OTOH, 'generalization' is in some sense the entire raison d'etre of the ML field. So I think it's useful to draw on diverse sources of inspiration to inform this science. E.g. 

• Thinking abstractly about a neural net as parametrizing a policy. When is this policy 'sticky' vs 'malleable'? We might want alignment propensities to be relatively 'sticky' or 'locked-in'. Classical ML insights might tell us when NNs experience 'loss of plasticity', and we might be able to deliberately cause models to be aligned in a 'locked-in' way such that further finetuning wouldn't compromise the alignment. (c.f. tamper-resistance)
• What are the causal factors influencing how models select policies? I think initial state matters, i.e. if you were initially a lot more predisposed to a policy (in terms of there being existing circuitry you could repurpose) then you might learn that policy more easily. C.f. self-fulfilling misalignment, this toy experiment by Fabien Roger. A mature science here might let us easily predispose models to be aligned while not predisposing them to be misaligned - pretraining data ablations and character training seem like exciting ideas here.
• When do we get general policies vs specific policies? We might want generalization sometimes (for capabilities) but not others (e.g. training models to do something 'misaligned' according to their original spec, without causing emergent misalignment). We could try to study toy models of generalization, like those considered in grokking. Can we do better than inoculation prompting for preventing models from becoming emergently misaligned? 

So I'm pretty open to absorbing / considering ideas from the broader ML literature. It seems right that a 'more emergent' framework of generalization will have to be consistent with the theories of generalization proposed for simpler phenomena. But it should also meaningfully expand on those to directly answer questions we care about re: AI safety risks. 

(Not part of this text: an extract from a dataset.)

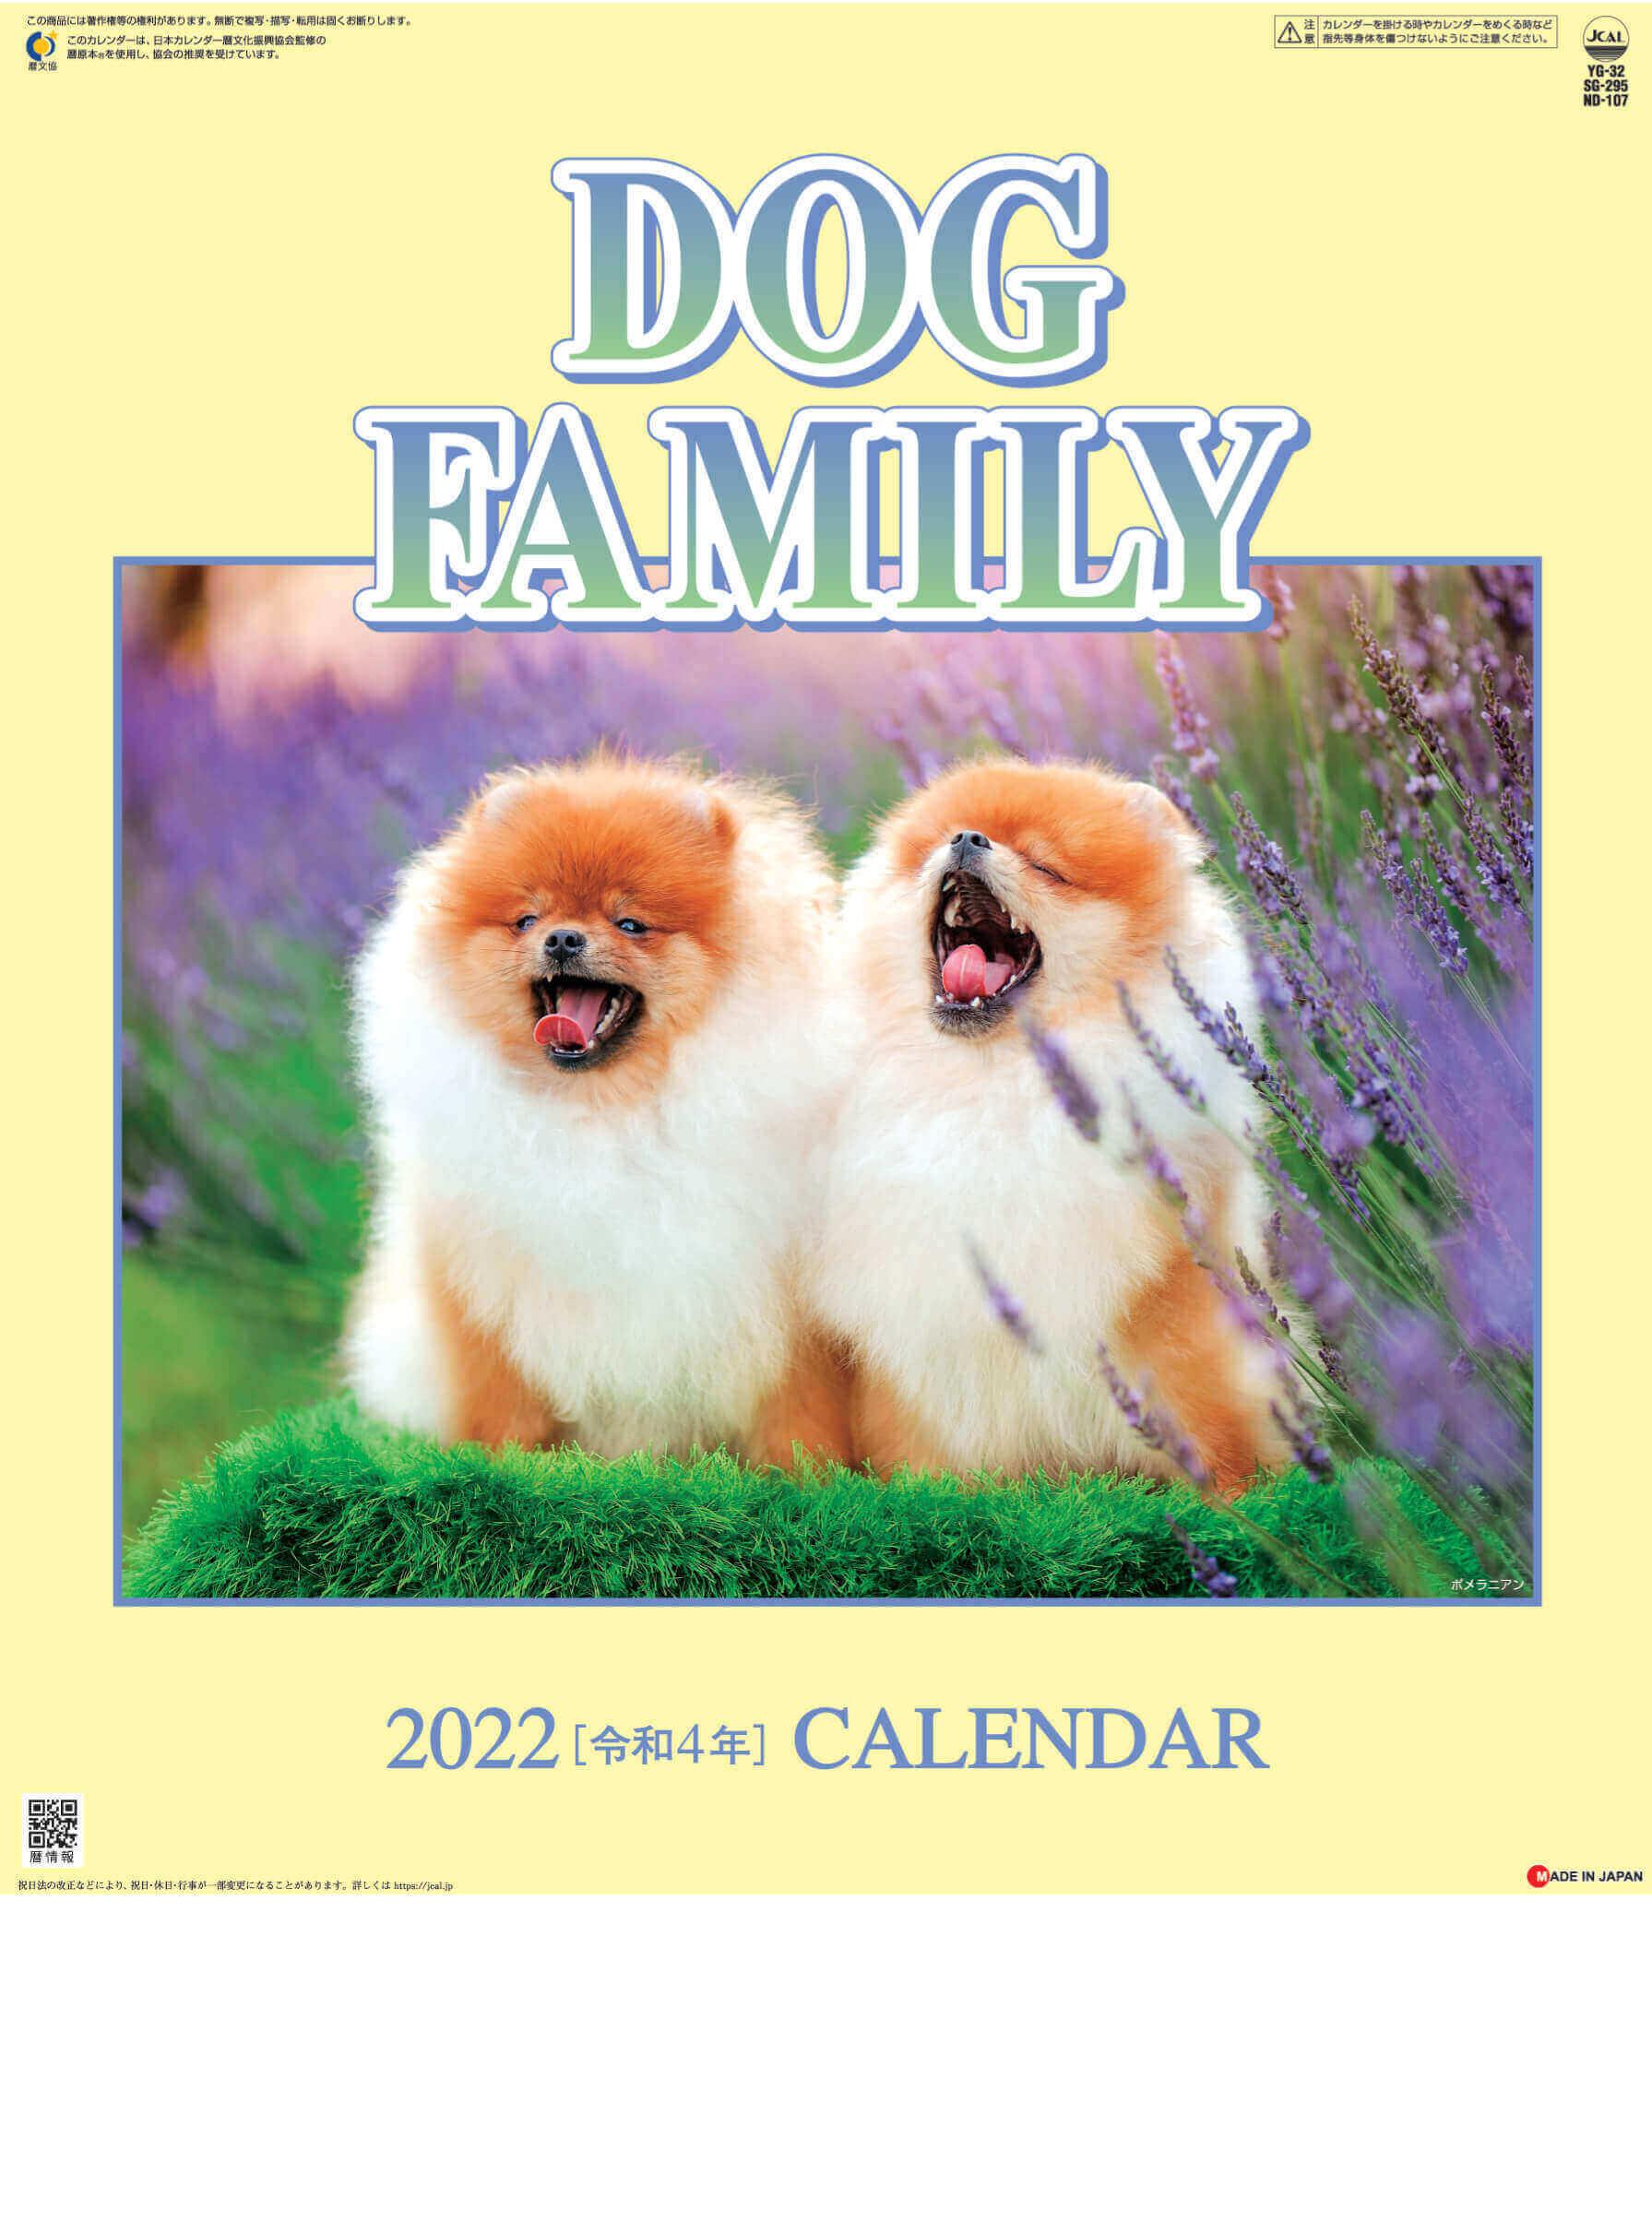 ドッグファミリー 2022年カレンダーの画像

A weak model could appear to have good propensities because it either isn't capable enough to think of strategies that we would consider undesirable but which are permissive under its propensities

Let me see if I understand, using scheming as an example. IIUC you're saying something like this: maybe GPT-5 isn't competent enough (yet) to scheme, thus alignment training which looks like "negatively reinforce bad things the model does" doesn't end up fixing scheming. 

I agree with this, but I claim the problem was starting from a bad initial state. I guess I mostly expect that (i) we'll be reasonably vigilant for early signs of scheming, and (ii) our alignment techniques work in-distribution to prevent scheming, and (iii) we can make most deployment scenarios relatively in-distribution for the model by improving the post-training mix. IOW we can always do alignment training such that we start with models that are reasonably aligned in the settings we care about. 

But we might do additional capabilities training after alignment training, as seems to be the case for RL'ing models. That motivates me to think about how to avoid 'alignment drift' or 'persona drift' during this subsequent training.